Anchored Correlation Explanation: Topic Modeling with Minimal Domain Knowledge

Abstract

  • This paper formally applies CorEx to topic modeling, emphasizing the advantages compared to LDA.

    • No structural assumptions need to be made for the data, and compared to LDA, CorEX has fewer hyperparameters
    • Different from LDA, it can be generalized to hierarchical models and semi-supervised models without any structural modifications to the model
  • The iterative process of the model still follows these steps:

    \[ p_t(y_j) = \sum _{\overline{x}} p_t(y_j | \overline{x})p(\overline{x}) \\ \]

    \[ p_t(x_i | y_j) = \sum _{\overline{x}} p_t(y_j|\overline{x})p(\overline{x}) \mathbb{I} [\overline{x}_i = x_i]/p_t(y_j) \\ \]

    \[ \log p_{t+1} (y_j | x^l) = \log p_t(y_j) + \sum _{i=1}^n \alpha _{i,j}^t \log \frac{p_t(x_i^l | y_j)}{p(x_i^l)} - \log \mathbb{Z} _j (x^l) \\ \]

  • Due to the use of bag-of-words information and the processing of sparse matrices, the calculation of edge probabilities and conditional probabilities is very fast. The slowest step in the iteration is the third formula, which is to calculate the topic distribution of all documents. We rewrite the summation of logarithmic terms in this formula:

    \[ \log \frac{p_t(x_i^l | y_j)}{p(x_i^l)} = \log \frac{p_t(X_i=0|y_j)}{p(X_i=0)} + x_i^l \log (\frac{p_t(X_i^l=1|y_j)p(X_i=0)}{p_t(X_i=0|y_j)p(X_i^l=1)}) \]

  • The cumulative calculation is performed for each document, computing the likelihood over the entire dictionary, however, only a small portion of the words in the dictionary appear in each document.
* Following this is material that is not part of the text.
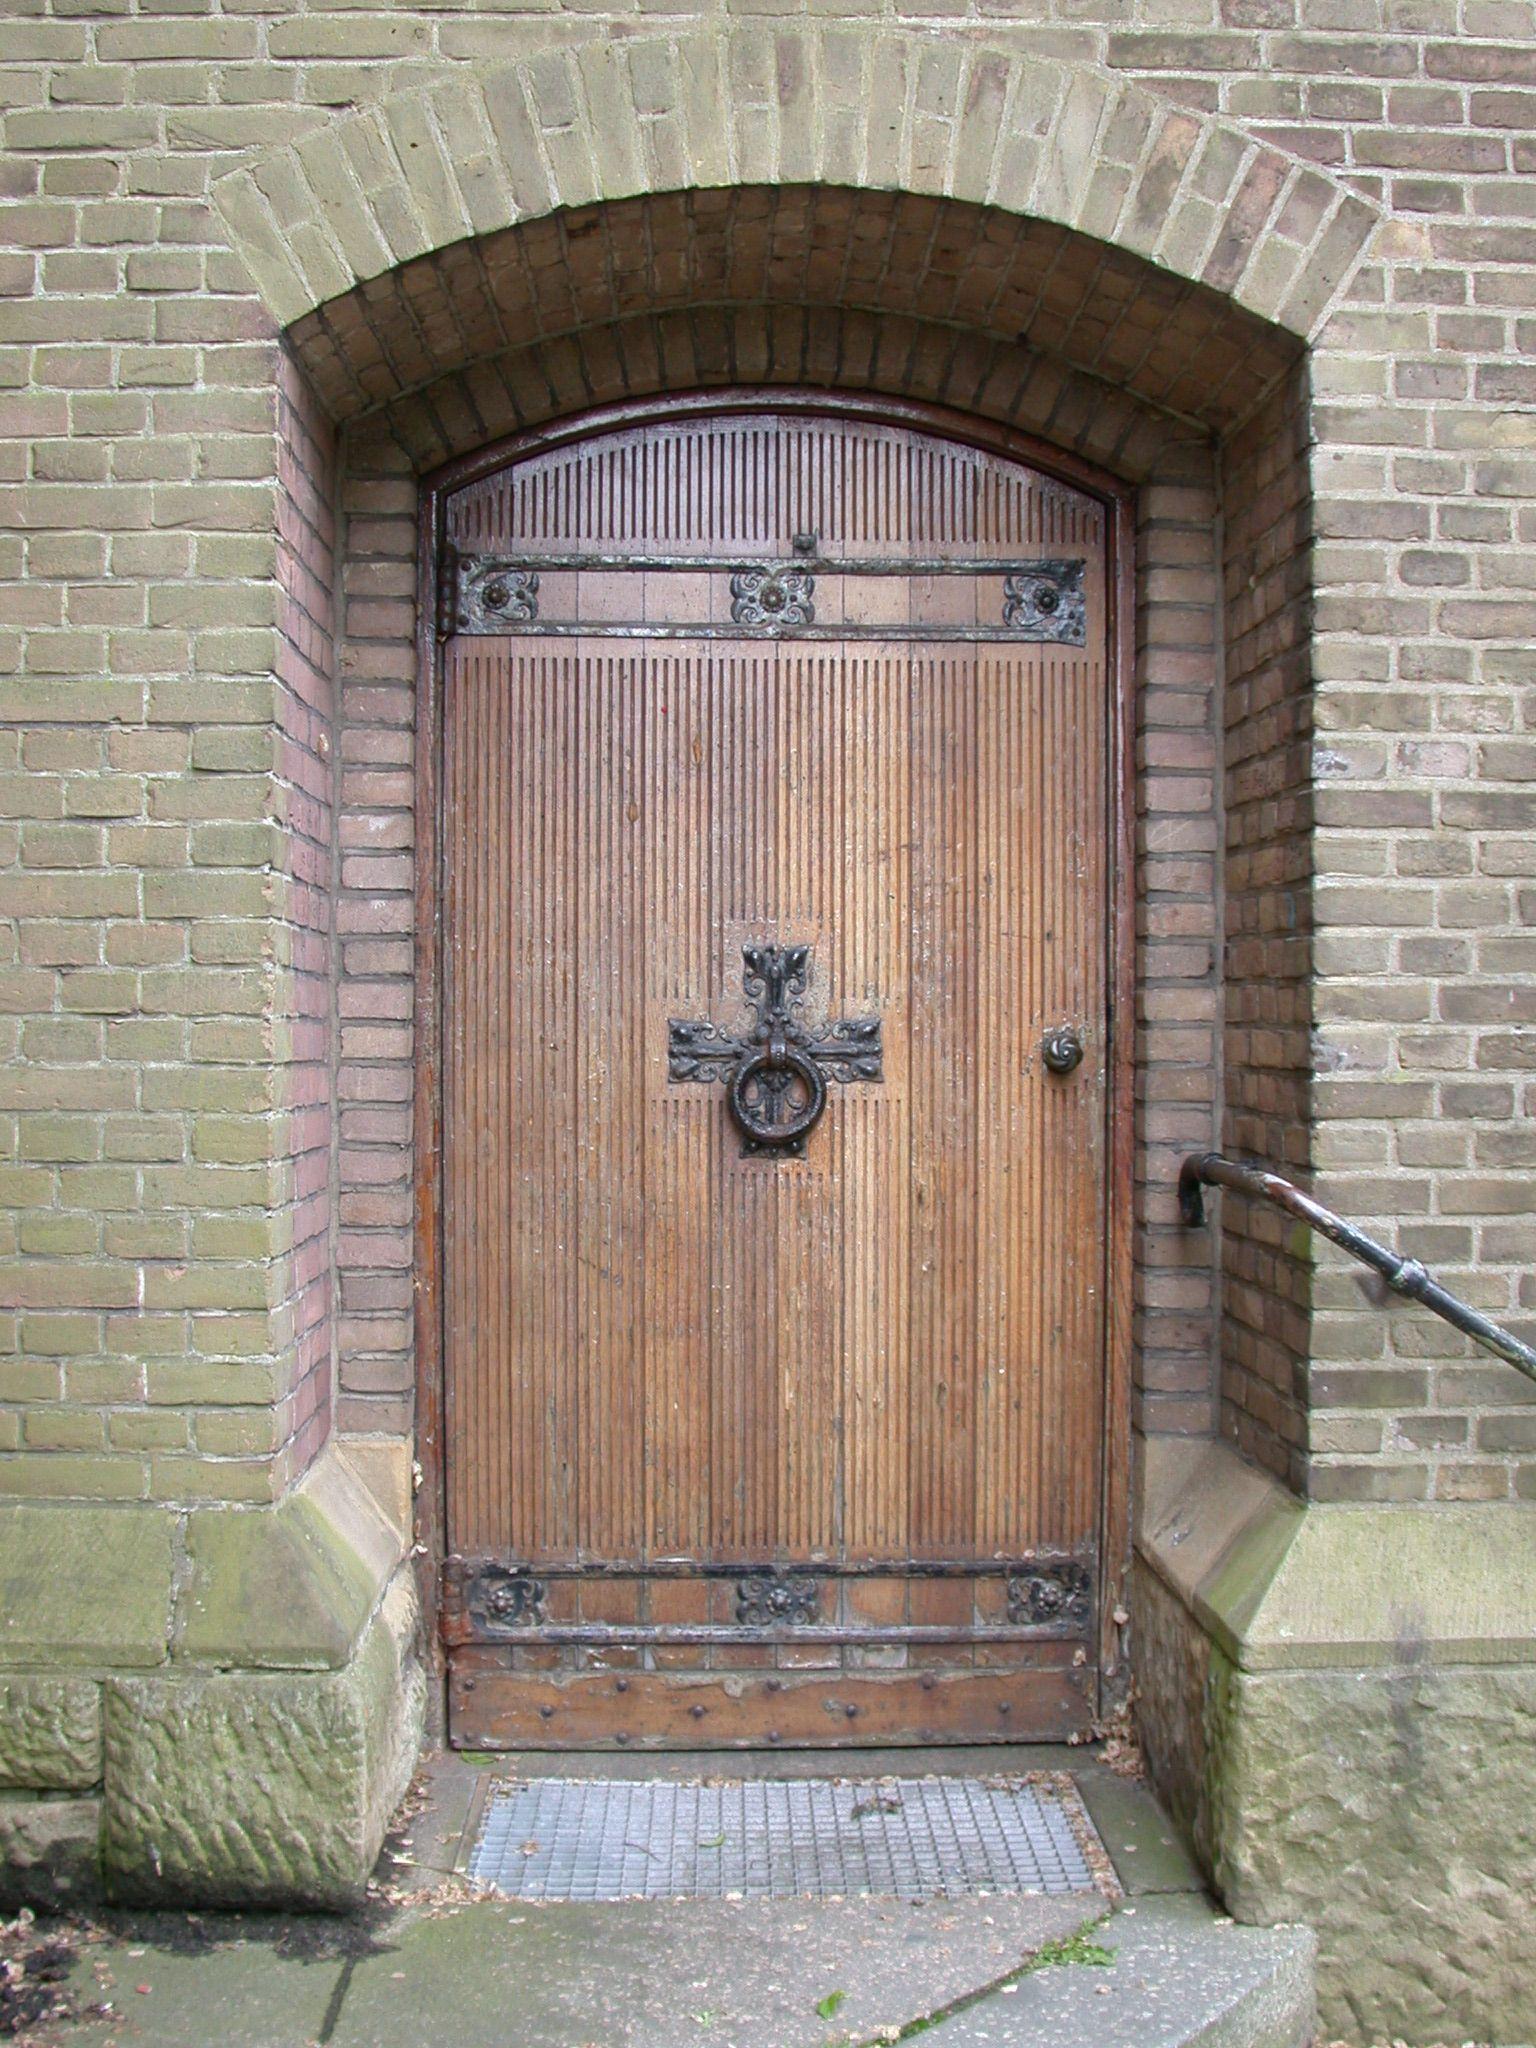 Medieval Wooden Doors Door Medieval Castle Wooden Heavy Bolt & Exciting Medieval Wooden Door Ideas - Ideas house design - younglove ...

When a word in the dictionary does not appear in the document, only the first term in the above formula is not zero; when the word does appear, the term \(\log P(X_i^l=1|y_j)/p(X_i^l=1)\) is zero, with the remaining terms retained, thus the author prioritizes the assumption that the word is not present in the document and then updates and supplements the probability terms for those words that do appear. After such optimization, the calculation speed of CorEx is similar to that of LDA.

  • The greatest benefit of this optimization is that the computational complexity is only linearly related to the number of documents and the number of topics, thus making it possible to compute over large-scale documents with large-scale topics.

    Semi-supervised

  • Some value in the weight matrix can be fixed. The normal \(\alpha\) is in the 01 interval, and the anchor of the i-th word in the j-th topic can be set to \(\beta _{i,j}\), where \(\beta\) is the strength of the anchor.

  • This approach can assign an anchor word to each topic, with one or more words as an anchor, offering great flexibility.

  • In business terms, the advantages of CorEx lie in:

    • Extremely fast in training with a very large number of topics.
    • It is convenient to anchor words to adapt to the field.
    • The themes in CorEx are non-overlapping; there will be no repeated themes
  • Iterative hierarchical topics are based on the hierarchical method of the previous paper, hierarchical topics can be used to aggregate concepts and divide subtopics.